Abstract
To better understand how flooding and tree fall structure forests in the Amazon, I sampled vegetation plots within three blackwater forests (least flooded, medium flooded, highest flooded) and their tree fall gaps in the Peruvian Amazon. I found (1) increased flooding decreased family richness in the closed-canopy forests but increased it in their gaps, with no trends for no. of unique species, (2) flooding decreased stem size everywhere as did the number of stems as size increased especially for larger stems, (3) Green's index showed clumping only for least-flooded forests with the closed-canopy forest showing more than its tree fall gap, and (4) both flooding and tree fall gap creation decreased canopy coverage perhaps as an additive effect. Further among the stem size classes, only the smallest stems were significantly affected by openness and by type of forest, with a significant interaction term where flooding significantly decreased the number of these smaller stems in all forests and their gaps, except those with the highest level of flooding. Also tree fall gaps had significantly more, smaller stems than their forests in the two most-flooded forests, but not in the least-flooded forest. I conclude that flooding is a greater stressor and influence on the structure of these forests than tree fall, and so, in these forests, gradients and disturbances overlap in their traditional roles.
Introduction
Plants respond to both abiotic and biotic factors in the environment which are often organized along gradients (Walter Citation1973; Whittaker Citation1975) and after disturbances (Gleason Citation1926; Pickett & White Citation1985). Common gradients include precipitation, elevation, and temperature. Disturbances range from the very severe (e.g. landslides [Myster Citation1997]) to the less severe (conversion to agriculture [Myster Citation2007b], tree fall [Everham et al. Citation1996]) where biomass lost may be their currency (Tilman Citation1988; Myster Citation2003). Humans have been part of the vast forest–river system of the Amazon basin for many thousands of years, and there is some paleoecological data of their land use. This influence could have significant for much of the Holocene, for example, in occupation of lakeside sites and the cultivation of maize (Weng et al. Citation2002). The vegetation mosaic of any landscape is, therefore, largely determined by gradients and historical disturbances (Turner & Dale Citation1991; Myster Citation2001), and, consequently, examination of an ecosystem's gradients and disturbances – and the responses of their plants to them – is critical to understanding its structure, function, and dynamics.

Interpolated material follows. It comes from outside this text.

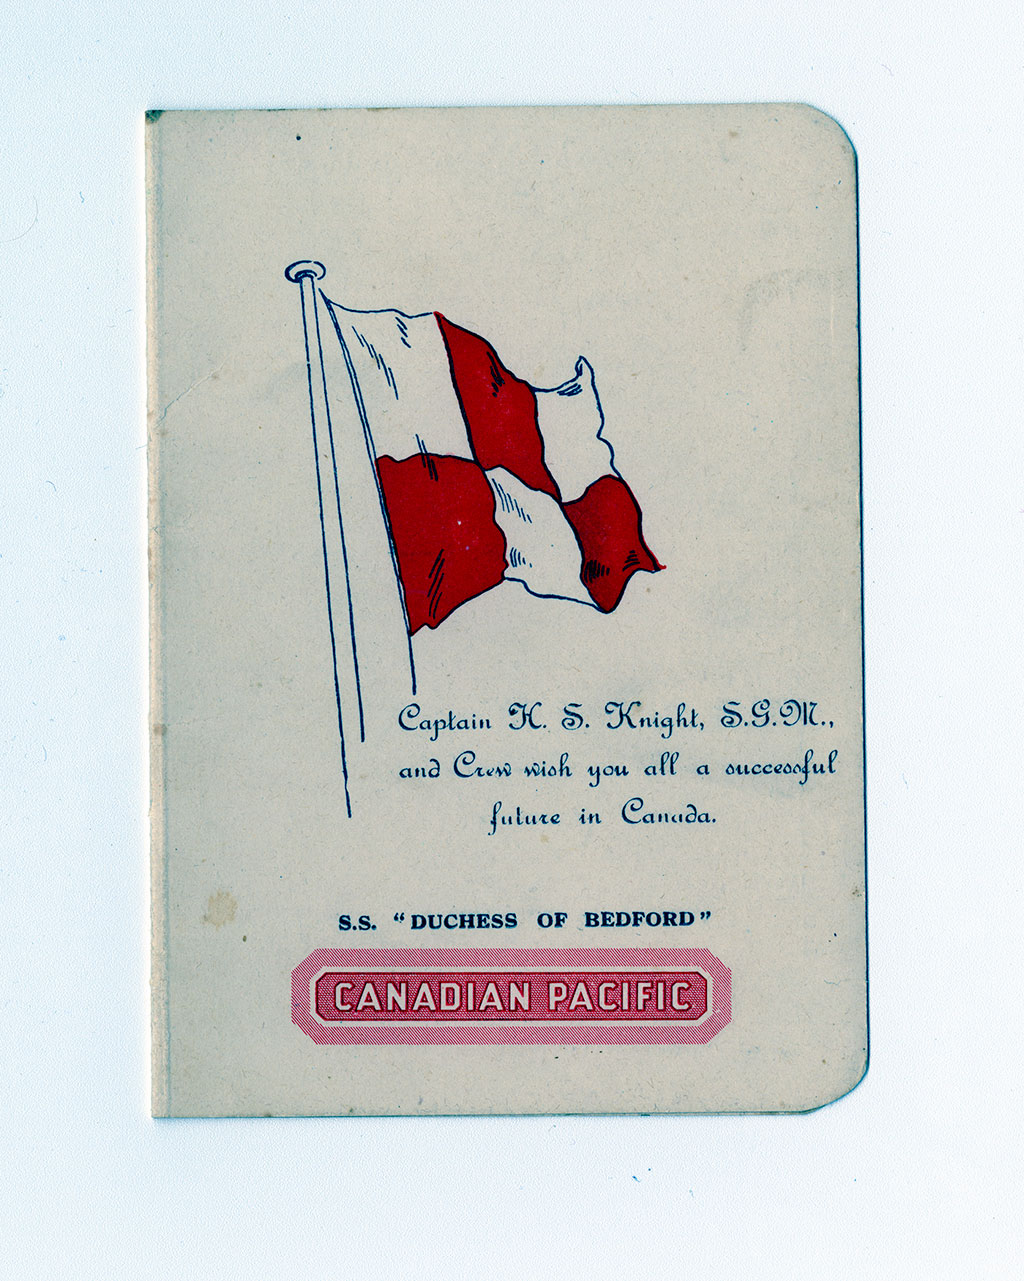 Page couverture à l'ancienne d'un menu de navire sur laquelle se trouve un drapeau rouge et blanc, ainsi que le nom du navire et de son capitaine.

In the Amazon basin, flooding forms major gradients – varying in frequency, duration, depth, and local spatial variation – which explain much of plant distribution, composition, association, and abundance (Junk Citation1989; Lamotte Citation1990). Whereas the unflooded Amazonian rainforest may resemble rainforests in other areas in the Neotropics (Lopez & Kursar Citation1999; Myster & Santacruz Citation2005; Myster Citation2012a), flooded forests have a unique biology and ecology (Kalliola et al. Citation1991). For example, common plant adaptations to flooding include (1) seed structures, so that seeds can escape predation from both terrestrial mammals and fish in order to germinate where fish may also disperse seeds, (2) seedling strategies of growing fast in order to have their leaves above the next ‘high tide’ or being able to endure extended submersion, and (3) special root structures, such as aerenchyma tissue, to facilitate gas exchange under water needed in part because of reduction in oxygen solubility in water under high temperatures (Junk Citation1989; Lopez & Kursar Citation1999; Parolin et al. Citation2004). The most common forest disturbance in the vast areas of the Western Amazon that have not been logged or converted to agriculture (Myster Citation2007b) is natural tree fall (Everham et al. Citation1996; Myster Citation2009), and the resulting gap dynamics in flooded forests should also have unusual aspects (Lamotte Citation1990).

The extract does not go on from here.